I am not really a worrier but sometimes. . .

(Matthew 6:34 NCV) So don’t worry about tomorrow, because tomorrow will have its own worries. Each day has enough trouble of its own.

Man, tomorrow gets heavy, and frightening when we try to live it today, or as with me sometimes in the middle of the night. Sometimes I wake up in a sweat, filled with anxiety.

Do you have those times? Mine could be 5 am, could be 3 am. I am flooded with worry. Worried about one of my children. Worried about finances. Worried about my wife’s health. Pick one. Choose an area of life, and I feel I have been attacked in that area.

It seems that the enemy is pounding me; knee in the gut.

I need truth – fast!

Chuck Swindoll says “Pray about everything; worry about nothing.” Even better, God says the same thing.

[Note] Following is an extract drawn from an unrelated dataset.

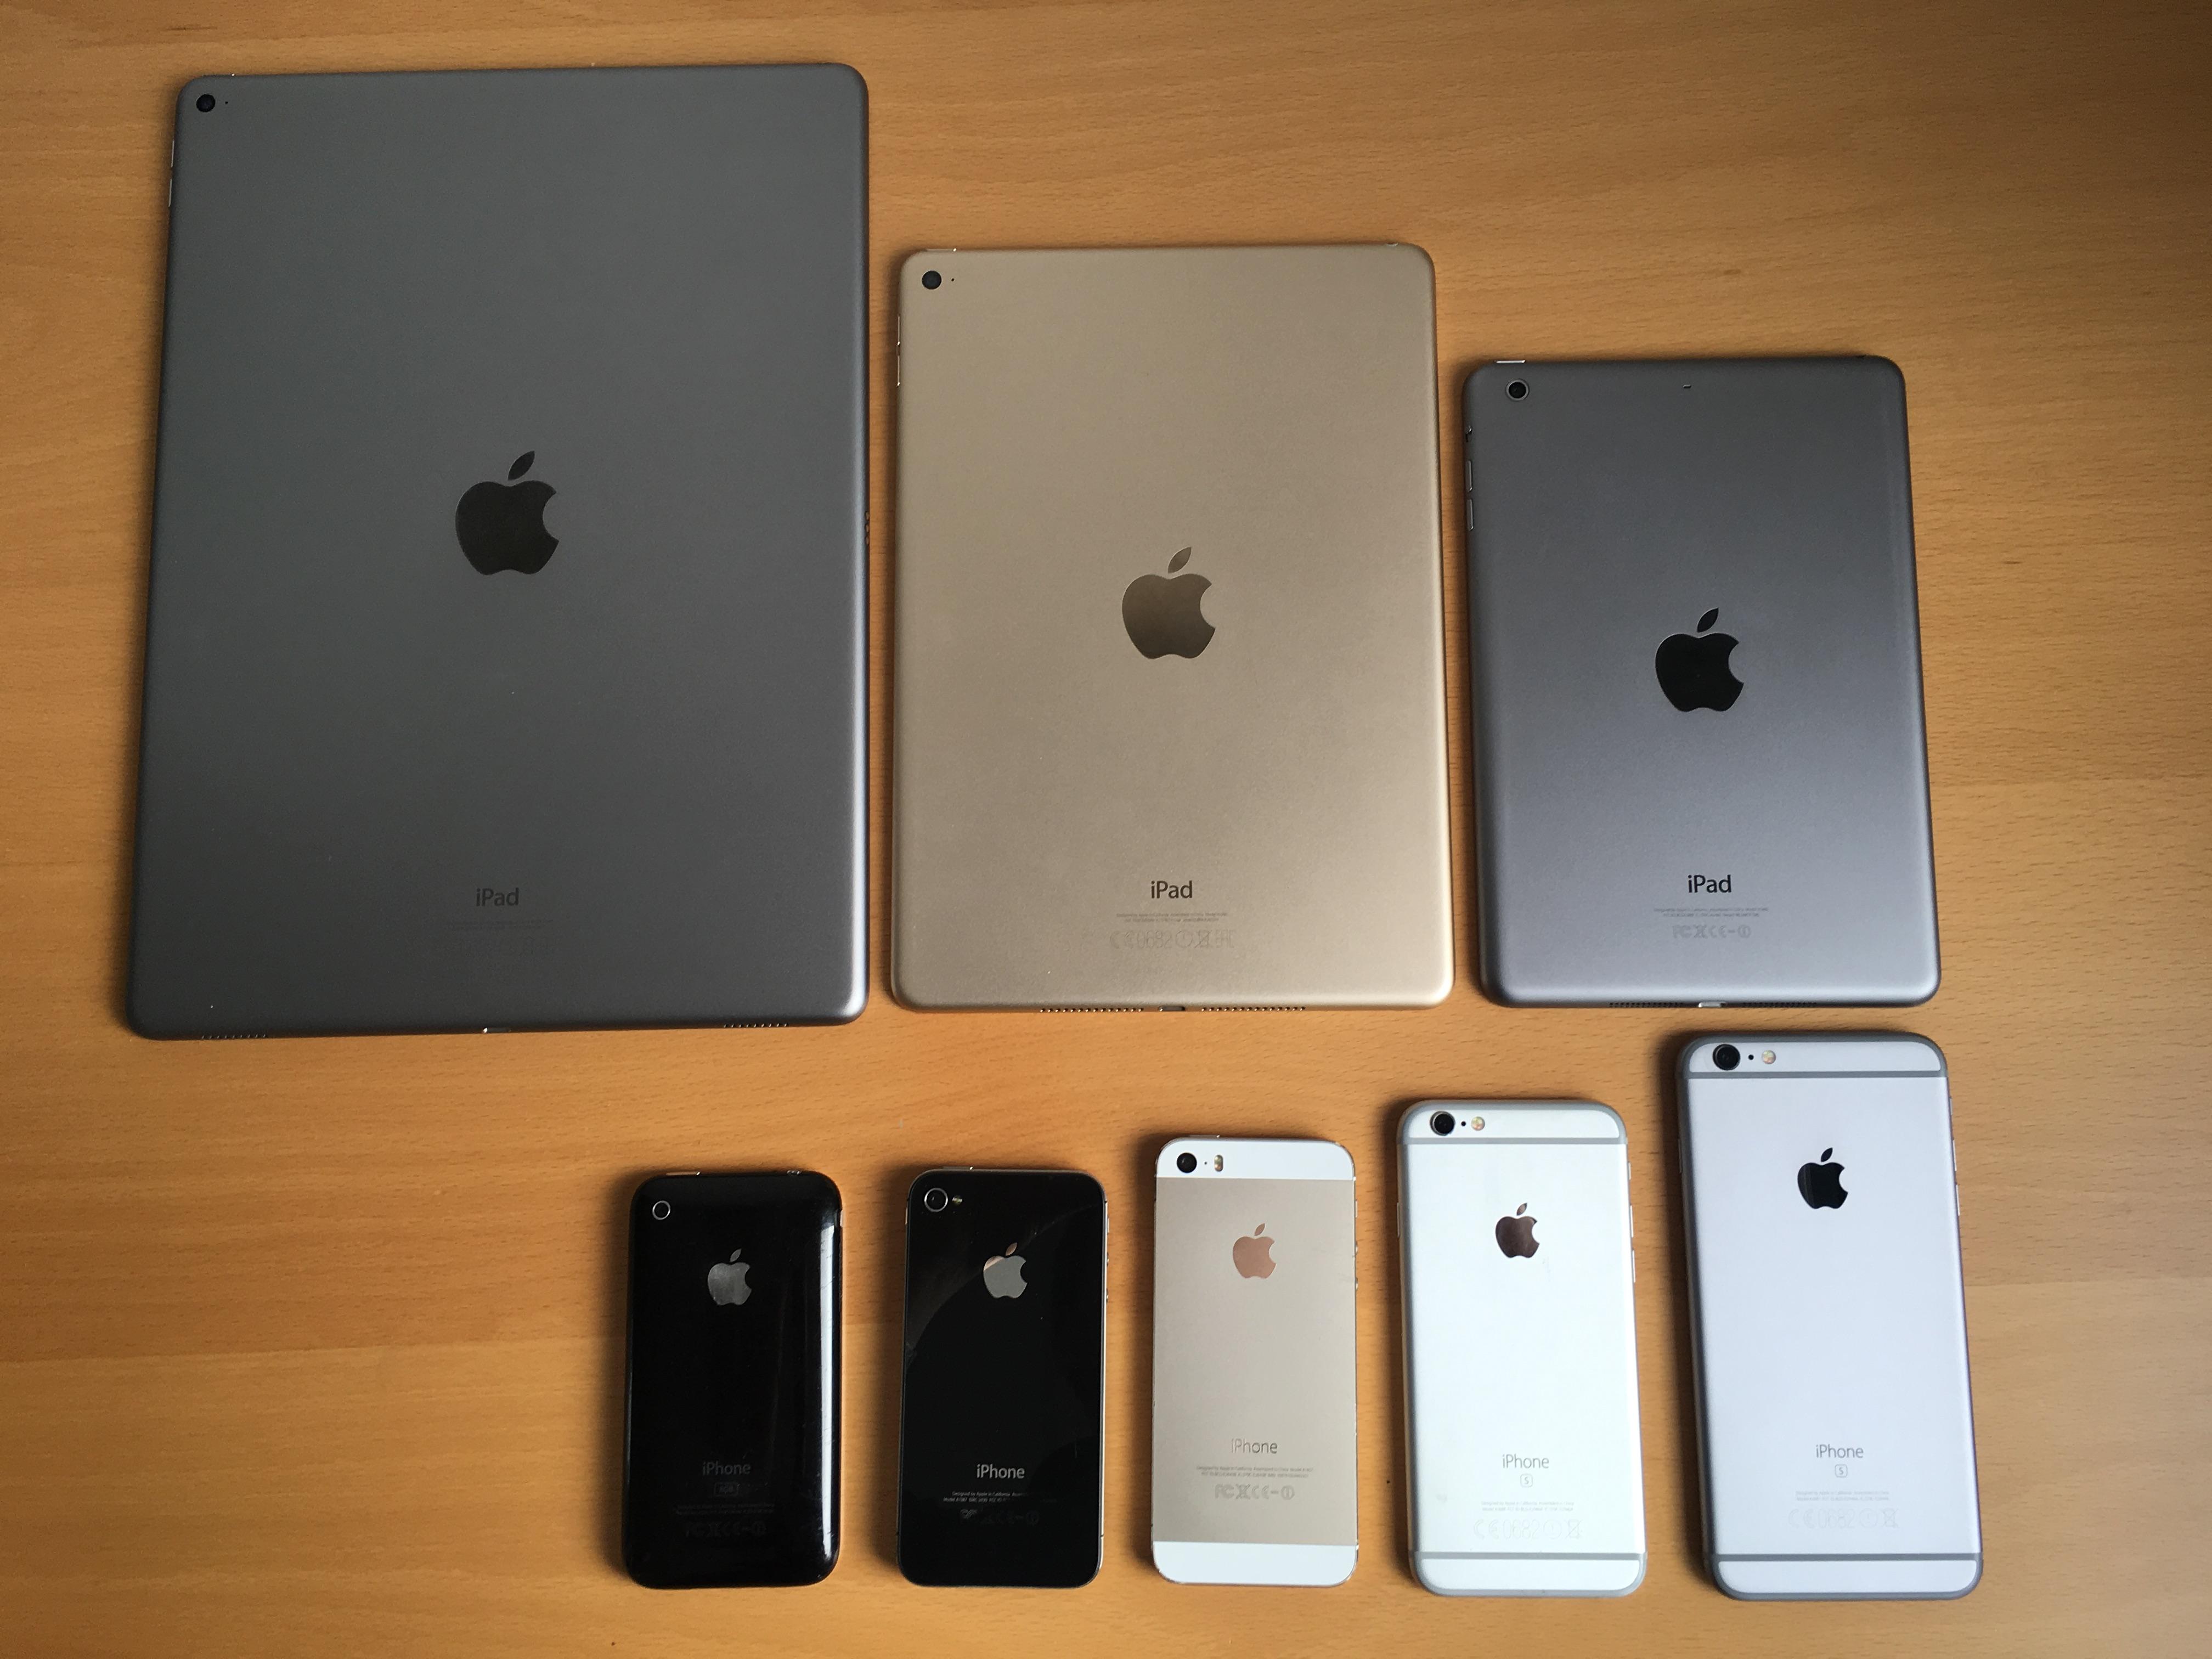 Thefoneshop - Official Apple iPhone, unlock Service

(Philippians 4:6 MSG) Don’t fret or worry. Instead of worrying, pray. Let petitions and praises shape your worries into prayers, letting God know your concerns.

I need that truth. It becomes my mantra in those spiritual firefights. Pray about everything; worry about nothing. Pray about everything; worry about nothing. Pray about everything; worry about nothing. And do I ever pray.

And I get specific. I pray that God will help me be supportive of my disabled son who gives his utility money to charities. I pray that my daughter will have strength to go on in spite of severe health problems. I pray that my life-partner of 35 years stays around for a long while yet.

“Instead of worrying, pray.” That’s what Paul wrote. True then and true now. I repeat this truth over and over. It’s like a lifeline, and I allow God to pull me closer and closer to: “Give us this day our daily bread” (Matthew 6:11 NKJV) .

It’s not just a nice idea, or a timely thing to say. It doesn’t need a “happy face” by it. It stands alone; it stands forever; it is the truth of God.

I need to learn that I can trust God for tomorrow by trusting him right now.

And I need to quit trying to carry tomorrow. I’m too old for this stuff.

Okay, I think I can go back to sleep now.